*Exercise data*
"""

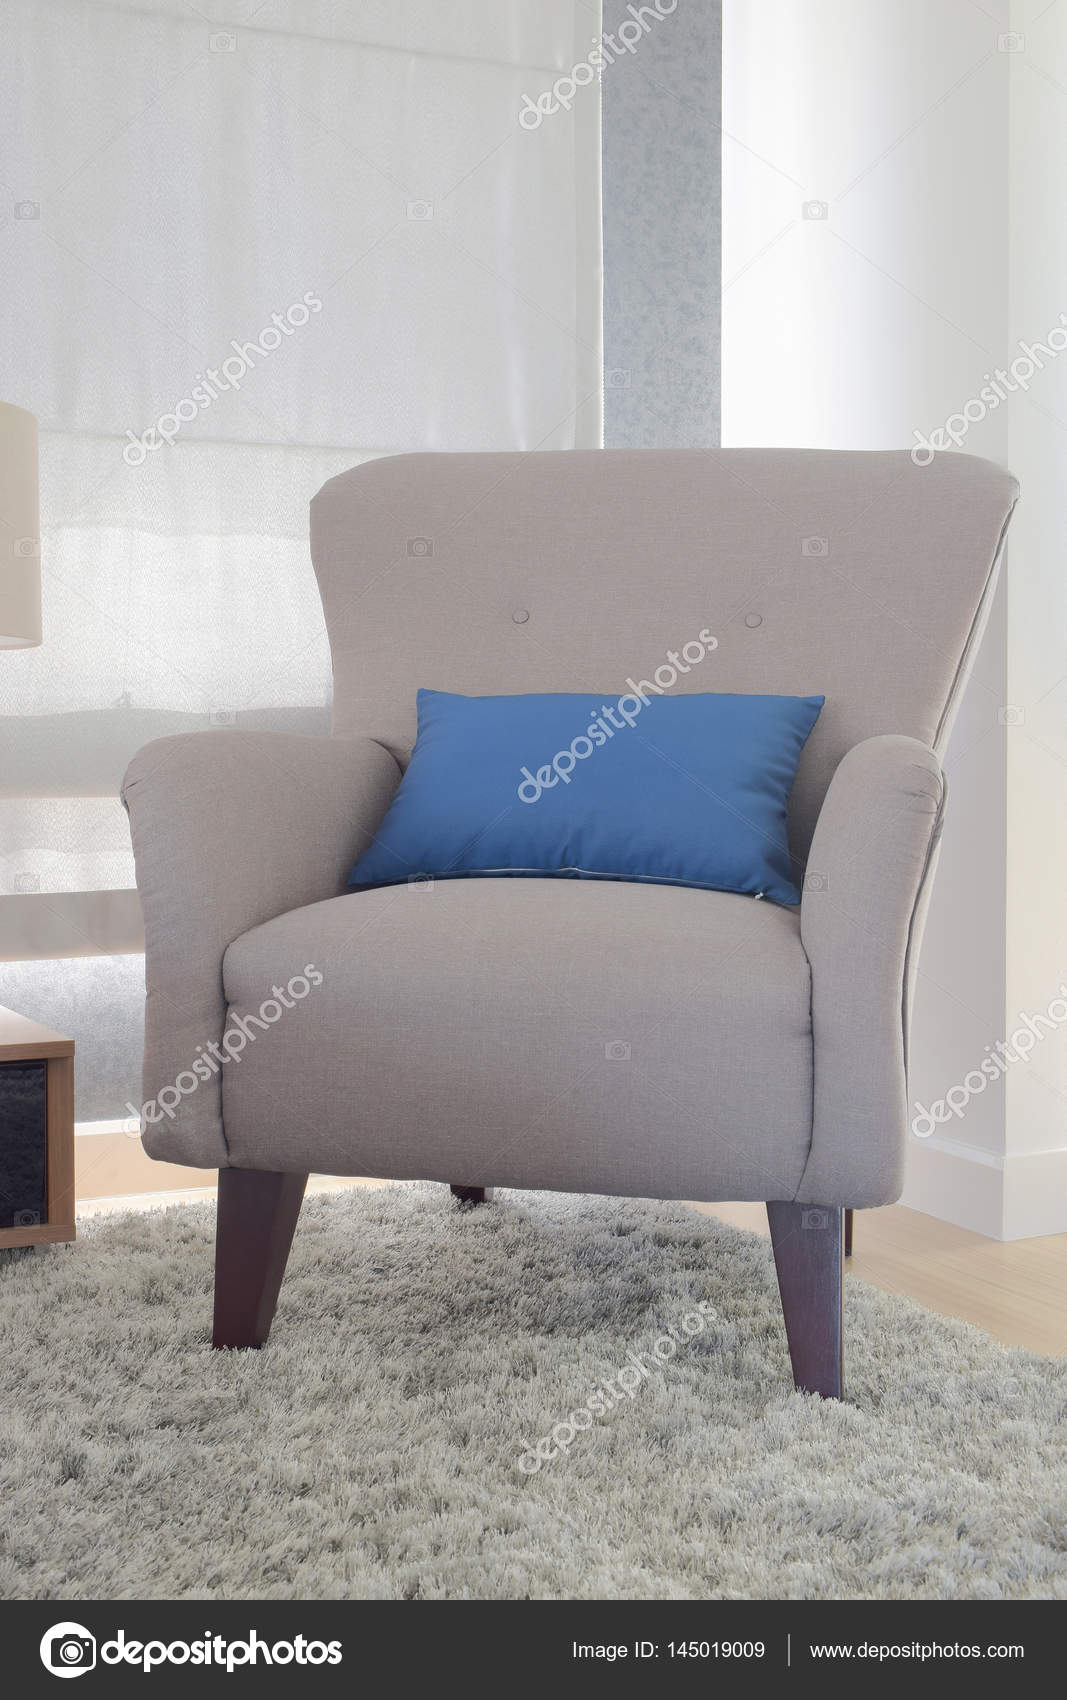 Graue Farbe Retro-Stil Sessel mit blauen Kissen im Wohnzimmer ...
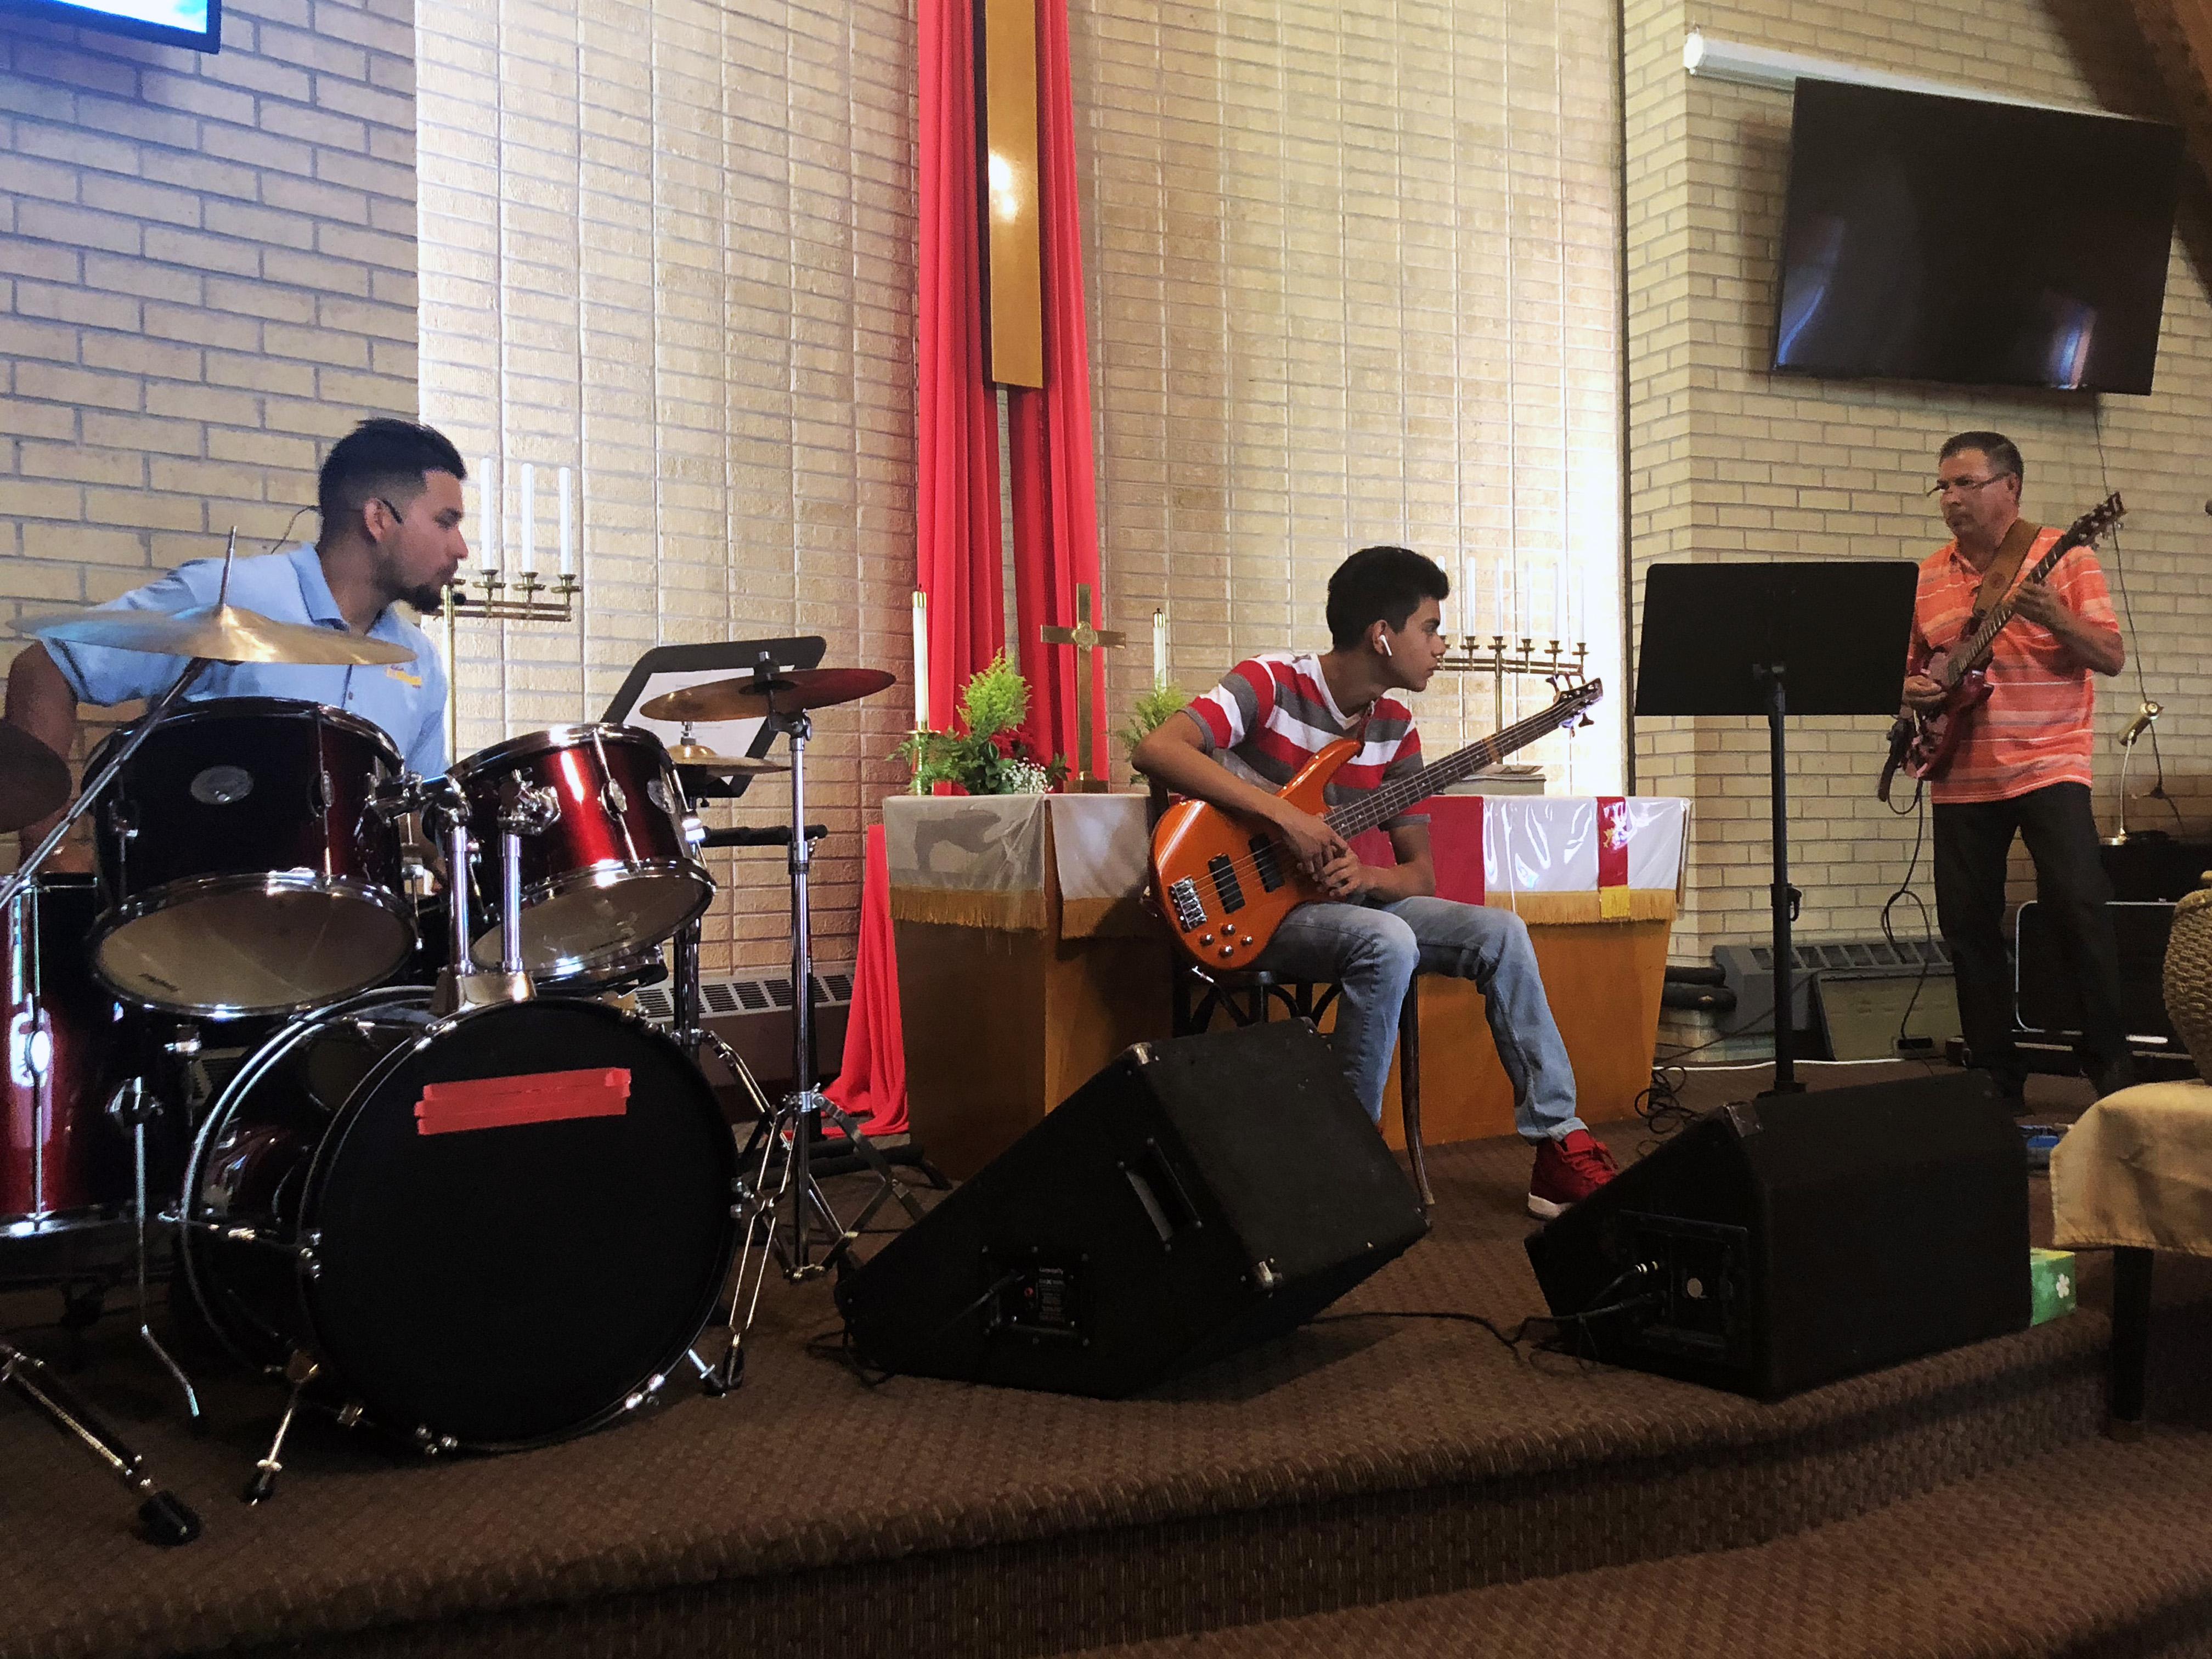 El talento por la música lo compartió con sus hijos Rafael Jr.(izquierda) y Juan Pedro (centro) , a quienes enseñó a tocar varios instrumentos, para integrar el grupo de alabanza de la iglesia. Foto cortesía de la familia Luna.
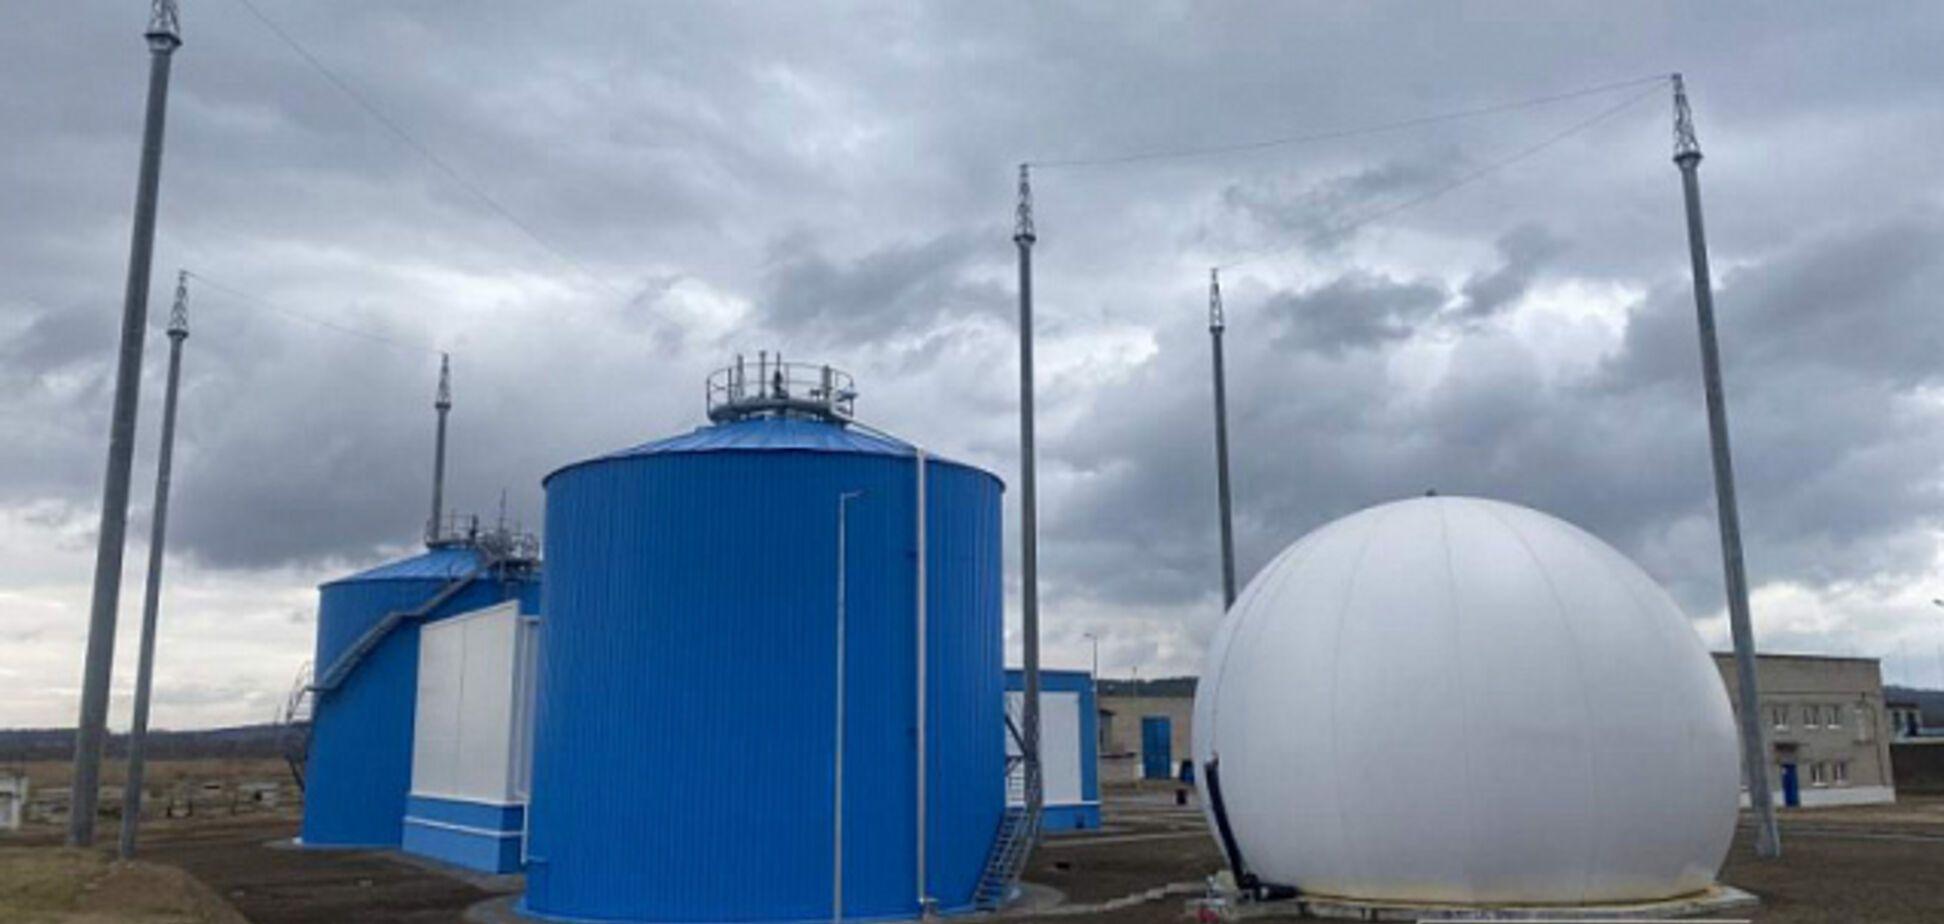 Зі стічних вод: в Білорусі знайшли новий спосіб видобування енергії
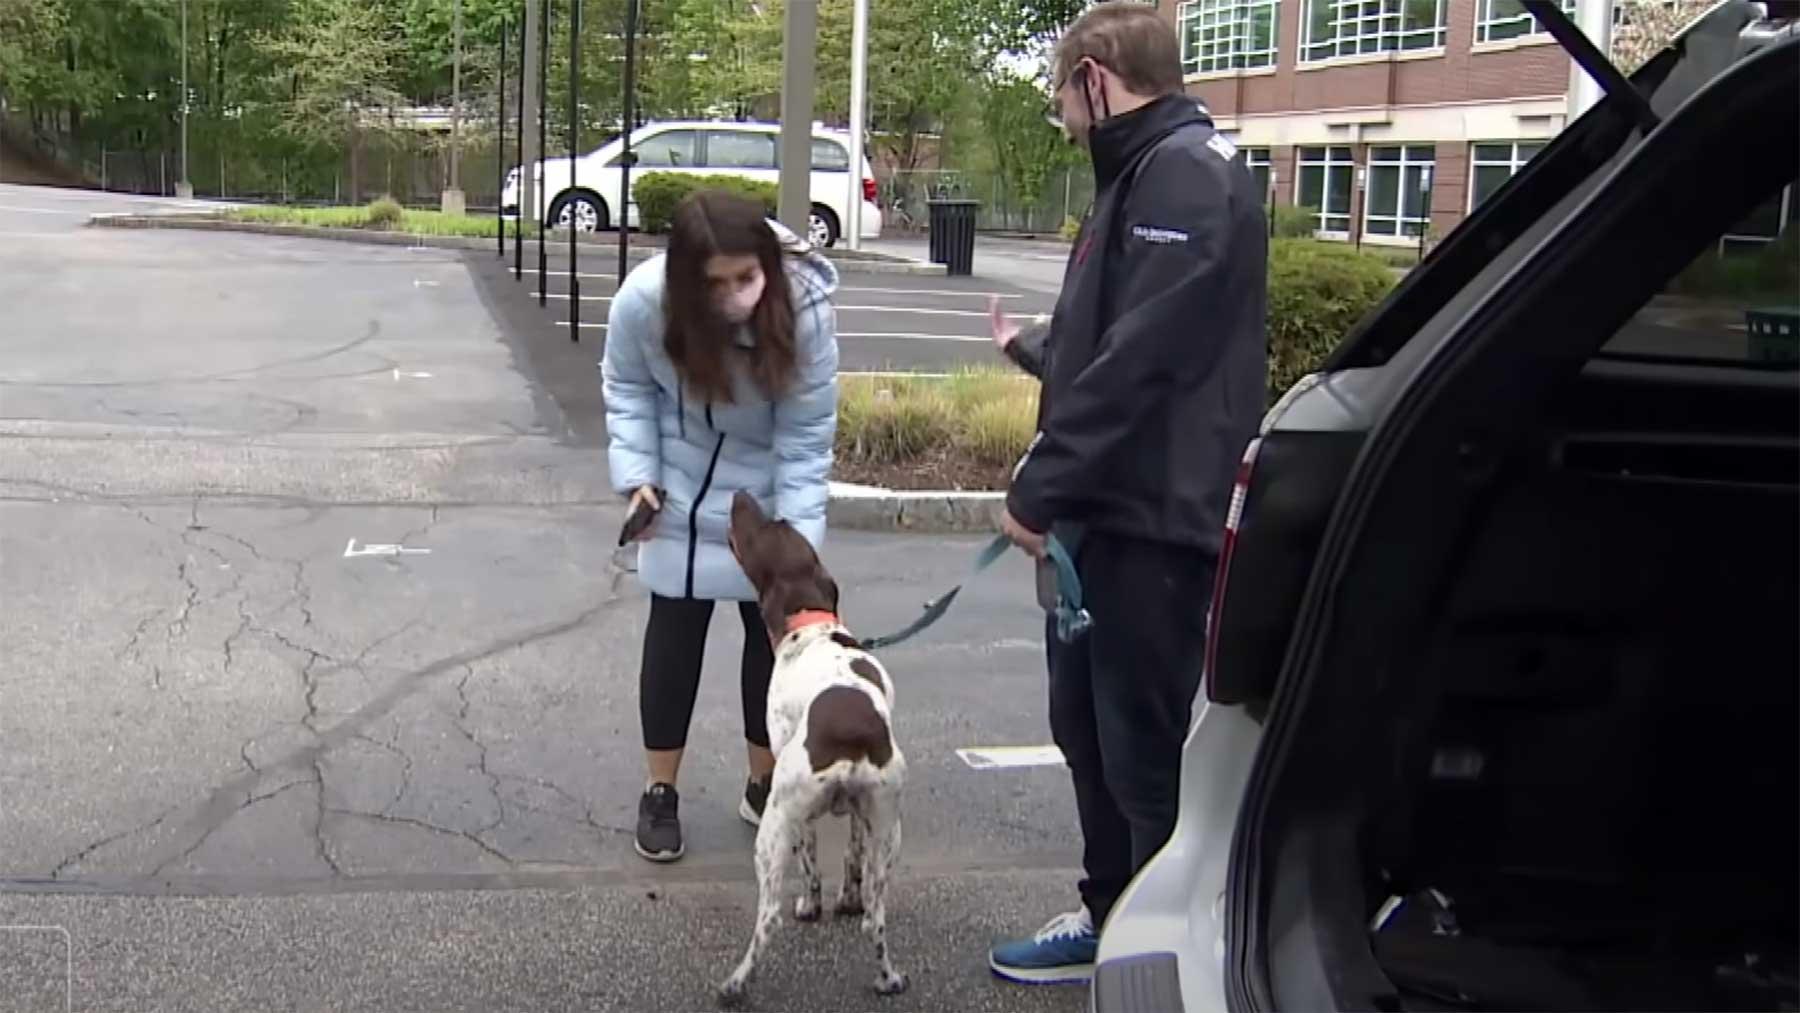 TV-Reporterin sieht entführten Hund während sie darüber berichtet

"""

*Your instructions*
Without altering anything, output all the lines above but none of the images.

*Output*
 Graue Farbe Retro-Stil Sessel mit blauen Kissen im Wohnzimmer ...
 El talento por la música lo compartió con sus hijos Rafael Jr.(izquierda) y Juan Pedro (centro) , a quienes enseñó a tocar varios instrumentos, para integrar el grupo de alabanza de la iglesia. Foto cortesía de la familia Luna.
 Зі стічних вод: в Білорусі знайшли новий спосіб видобування енергії
 TV-Reporterin sieht entführten Hund während sie darüber berichtet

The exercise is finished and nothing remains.